# Category Options required for Best MH Dealer ?



## nukeadmin (Oct 10, 2003)

I need options for the Best Dealer award for the forthcoming MHF Awards, please post your favourite Dealer below and i will choose from these for the categories that members can vote on.


----------



## UncleNorm (May 1, 2005)

Timberland Motorhomes


----------



## locovan (Oct 17, 2007)

John Cross Motorhomes


----------



## waspes (Feb 11, 2008)

West country motorhomes.


----------



## peejay (May 10, 2005)

Edgehill Motorhomes


----------



## lucy2 (Jun 27, 2007)

NOT BROWNHILLS NEWARK


----------



## asprn (Feb 10, 2006)

Ridgeset RV


----------



## moblee (Dec 31, 2006)

Wellsbridge


----------



## DABurleigh (May 9, 2005)

MURVI


----------



## 96299 (Sep 15, 2005)

Camper Uk


----------



## cater_racer (May 1, 2005)

nukeadmin said:


> I need options for the Best Dealer award for the forthcoming MHF Awards, please post your favourite Dealer below and i will choose from these for the categories that members can vote on.


Honesty would be a good measure?

That's Marquis out of the running then!


----------



## Dixi (Oct 6, 2006)

DON AMOTT


----------



## DavidRon (May 1, 2005)

Chelston


----------



## Rapide561 (Oct 1, 2005)

*Dealers*

The Discover Group


----------



## sennen523 (May 6, 2006)

SPINNEY MOTORHOMES.
HOLMES CHAPEL, CHESHIRE.


----------



## EJB (Aug 25, 2007)

Wellsbridge.


----------



## Solwaybuggier (Mar 4, 2008)

Tyne Valley Motor Homes


----------



## cabby (May 14, 2005)

Are you making a list and then we can vote.add Caravantech for me.

cabby


----------



## colonel (Oct 11, 2008)

Lowdhams Leisureworld

and Premier Motorhomes


----------



## ronidog (Aug 1, 2008)

Devon Conversions, Darlington for conversion and sales

Ronidog


----------



## Chausson (Oct 17, 2006)

Highbridge Caravans/Motorhomes


Johns Cross Motorhomes


----------



## cabby (May 14, 2005)

category options, yes well thinking about that, surely it should be,
1/. best deal. 2/. best selection on forecourt. 3/.best incentives to buy. 4/.best after sales. 5/. best warranty claims results. 6/. best accessory shop.

will that do for a start, am sure there are others.

cabby


----------



## telboy1 (Nov 3, 2007)

Chelston
Very helpful and efficient to us


----------



## Fatalhud (Mar 3, 2006)

Lowdham leisure Nottingham
Peak Leisure
Torksey caravans


----------



## mandyandandy (Oct 1, 2006)

Geoff Cox - Derby

After sales, keeping comunication open, willingness to negotiate.


----------



## whistlinggypsy (May 1, 2005)

Johns Cross Motorhomes

and i have not bought from them YET!


----------



## zulurita (May 9, 2005)

Chelston

Because they have really listened to the customer and improved in their after sales care.


----------



## 117306 (Oct 9, 2008)

Premier Motorhomes.

Reason? ..... Because they took my concerns seriously and are being very helpful!

Dave

"Roughing it smoothly"


----------



## Brocher (Oct 3, 2005)

Todds.

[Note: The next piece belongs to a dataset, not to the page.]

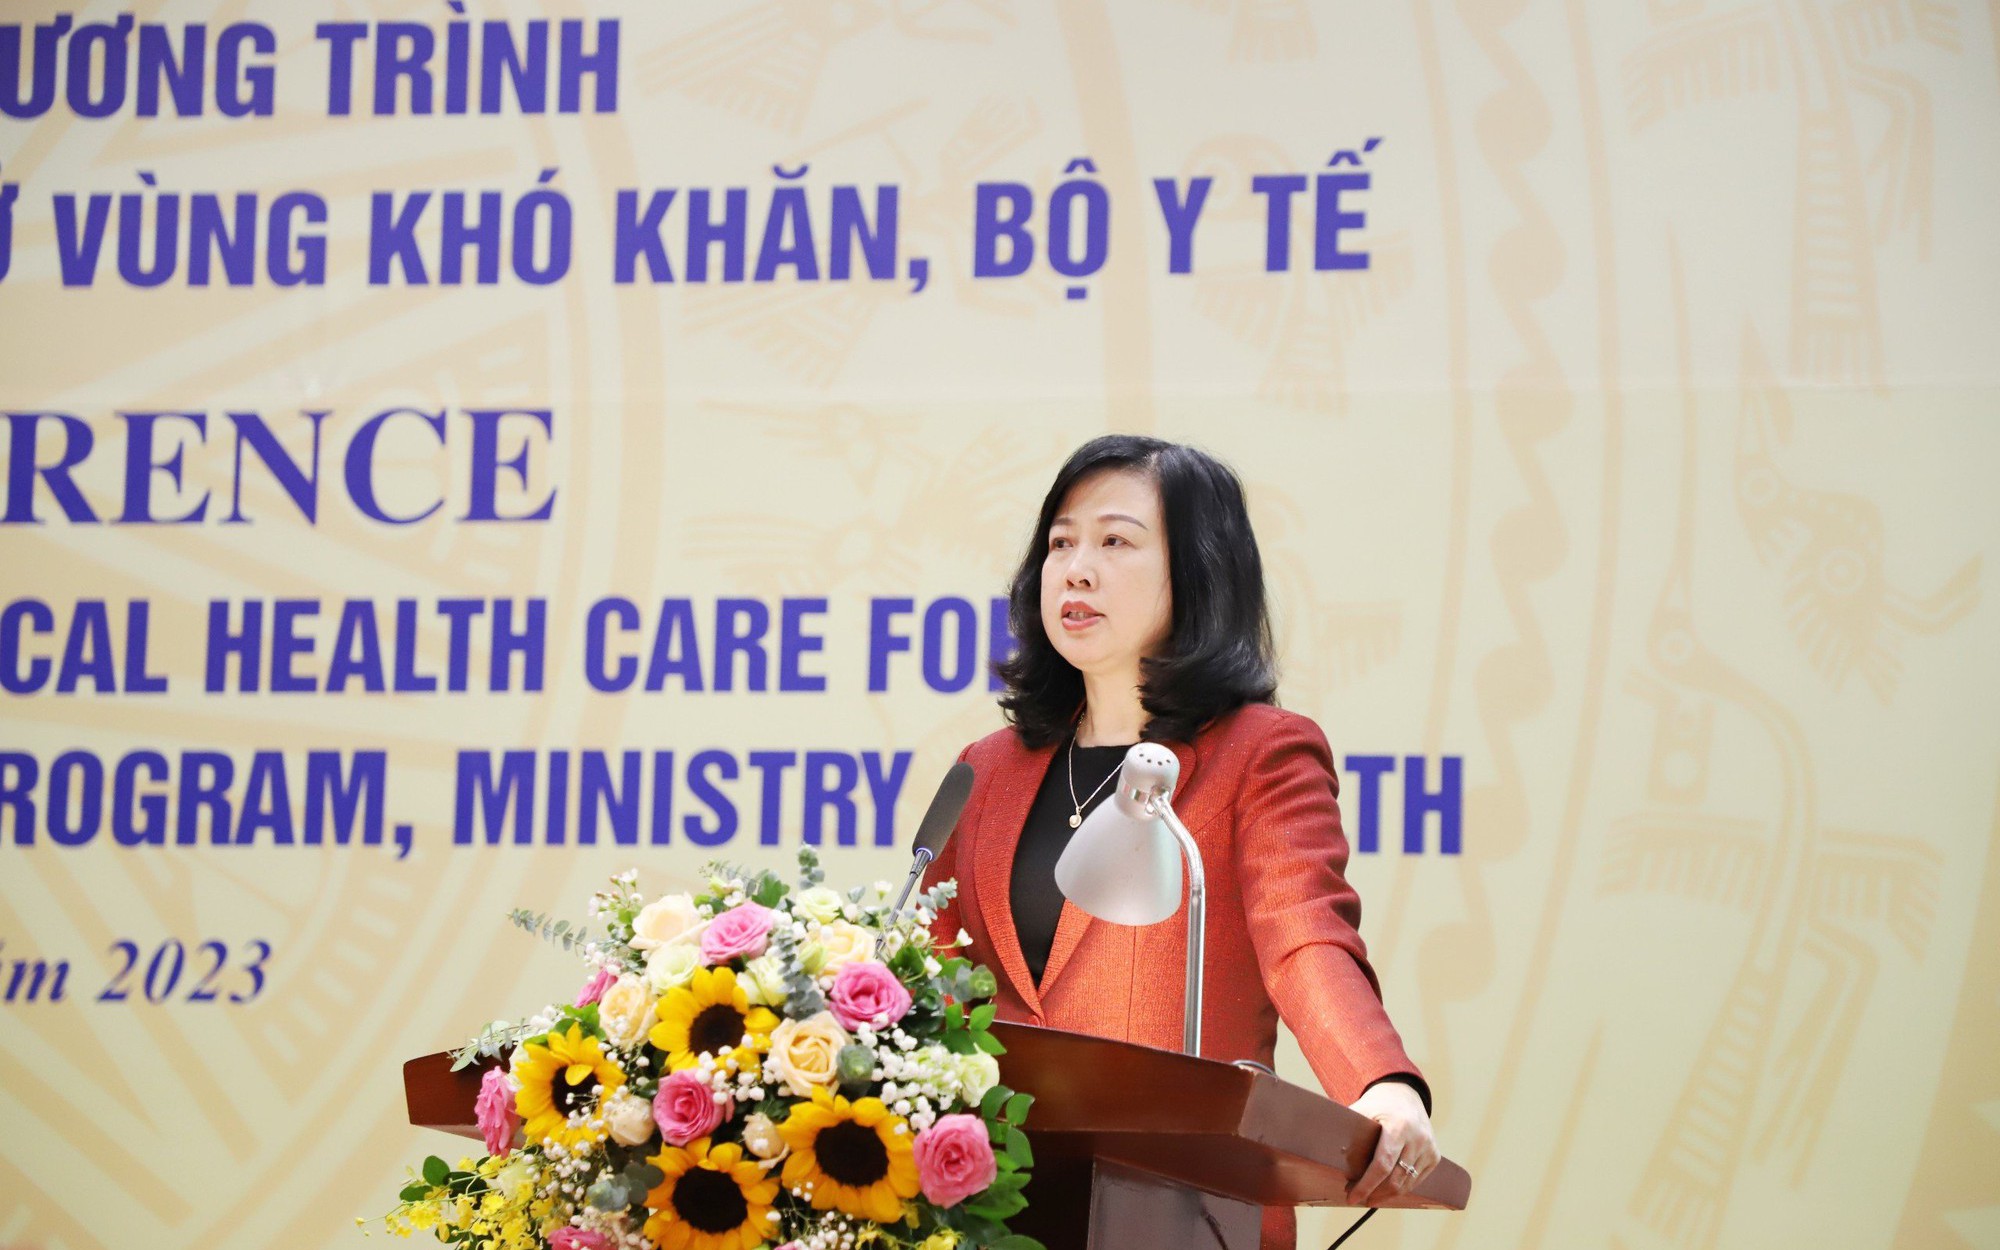 Bộ trưởng Bộ Y tế: Thêm nguồn lực để y tế cơ sở làm tốt hơn công tác chăm sóc sức khoẻ ban đầu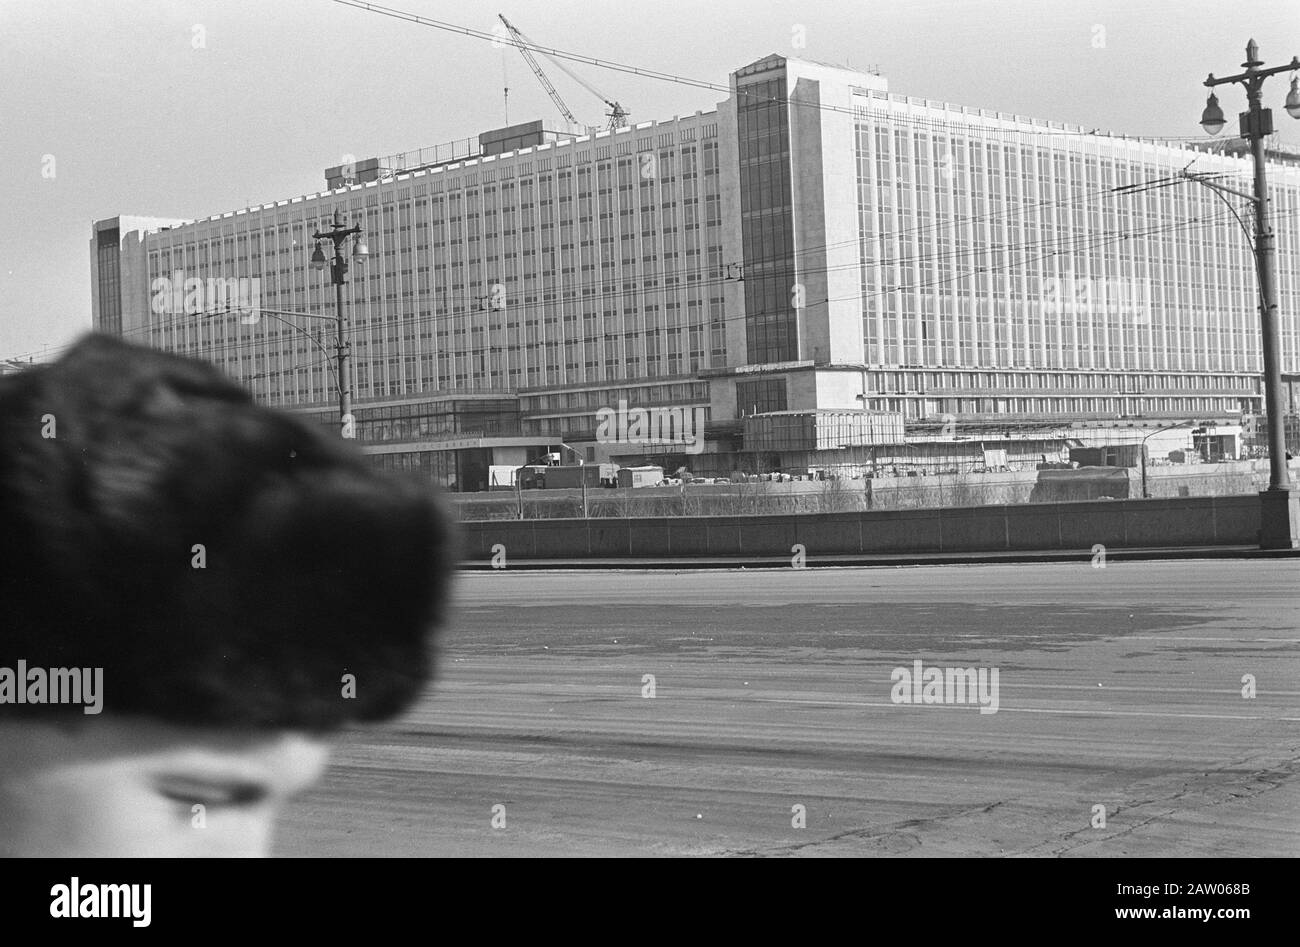 Moskau, Nummer 6 und 7 neues Hotel Russland, Nr. 8 linker Kreml und Rechte Basil's Kathedrale, Nr. 9 Kreml Datum: 27. Februar 1967 Standort: Moskau, Russland Schlüsselwörter: Hotels Stockfoto

Lostock Hall , Preston


----------



## KeiththeBigUn (Oct 3, 2007)

Webbs, Warminster hard to fault for me.

Keith


----------



## ramos (Nov 1, 2008)

Busy Bee at Bury


----------



## dooka (Oct 16, 2008)

Cranham Motorhomes


----------



## dooka (Oct 16, 2008)

Cranham Motorhomes


----------



## tommytli (Aug 7, 2008)

emm bee bury


----------



## TR5 (Jun 6, 2007)

cater_racer said:


> Honesty would be a good measure?
> 
> *That's Marquis out of the running then! *


Absolutely, totally agree, 100%

How about a vote of confidence to be included. 1=Awful - 10=Superb.

Marquis = 0


----------



## CliveMott (Mar 10, 2008)

Brownhills Newark and Hymer UK must be in there to see how folks vote.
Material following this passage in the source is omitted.